Under 21.02 we don't have this problem:

[root@a0n12 ~]# scontrol --version
slurm 21.08.7

[root@a0n12 ~]# grep Health /etc/slurm/slurm.conf
HealthCheckProgram=/usr/sbin/nhc
HealthCheckInterval=30
HealthCheckNodeState=ANY

[root@a0n12 ~]# tail /var/log/slurmd 
[2023-04-24T09:04:02.595] error: /usr/sbin/nhc: exited with status 0x0100
[2023-04-24T09:10:33.145] error: /usr/sbin/nhc: exited with status 0x0100

[root@a0n12 ~]# /usr/sbin/nhc
ERROR:  nhc:  Health check failed:  check_fs_mount:  /work not mounted

[root@a0n12 ~]# scontrol show node a0n12
NodeName=a0n12 Arch=x86_64 CoresPerSocket=16 
   CPUAlloc=0 CPUTot=32 CPULoad=0.01
   AvailableFeatures=debug,broadwell
   ActiveFeatures=debug,broadwell
   Gres=(null)
   NodeAddr=a0n12 NodeHostName=a0n12 Version=21.08.7
   OS=Linux 3.10.0-1160.76.1.el7.x86_64 #1 SMP Tue Jul 26 14:15:37 UTC 2022 
   RealMemory=257000 AllocMem=0 FreeMem=247243 Sockets=2 Boards=1
   State=IDLE+DRAIN ThreadsPerCore=1 TmpDisk=0 Weight=200 Owner=N/A MCS_label=N/A
   Partitions=admin,scavenger,debug 
   BootTime=2023-02-11T09:10:24 SlurmdStartTime=2023-02-11T09:13:29
   LastBusyTime=2023-04-24T09:04:33
   CfgTRES=cpu=32,mem=257000M,billing=32
   AllocTRES=
   CapWatts=n/a
   CurrentWatts=0 AveWatts=0
   ExtSensorsJoules=n/s ExtSensorsWatts=0 ExtSensorsTemp=n/s
   Reason=NHC: check_fs_mount:  /work not mounted [root@2023-04-24T09:10:32]

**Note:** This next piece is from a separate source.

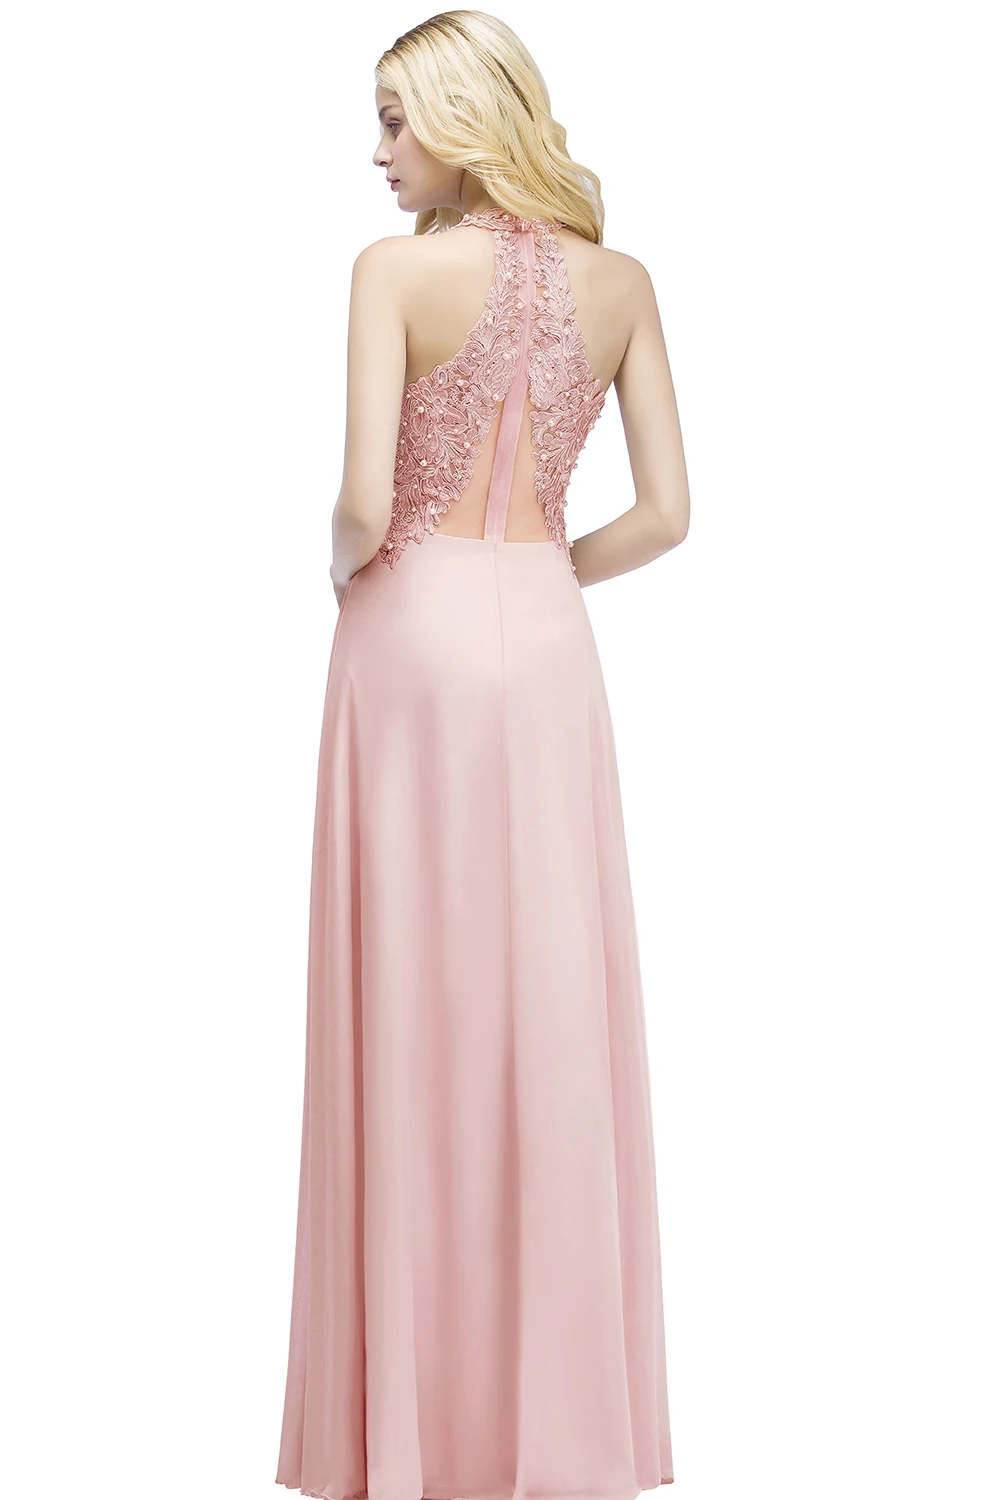 Розовое длинное платье для выпускного вечера с бретелькой длиной до пола, вечерние классический наряд платье трапециевидной формы платья с открытой спиной на выпускной с жемчугом

We are switching from a config based to configless based setup with 23.01 but otherwise the slurm.conf is basically the same.  Please advise is there is any known issue with the Health Program check and 23.01.
Comment 1 Brad Viviano 2023-04-24 07:38:46 MDT
Never mind, I think I have a bug in my script I need to figure out.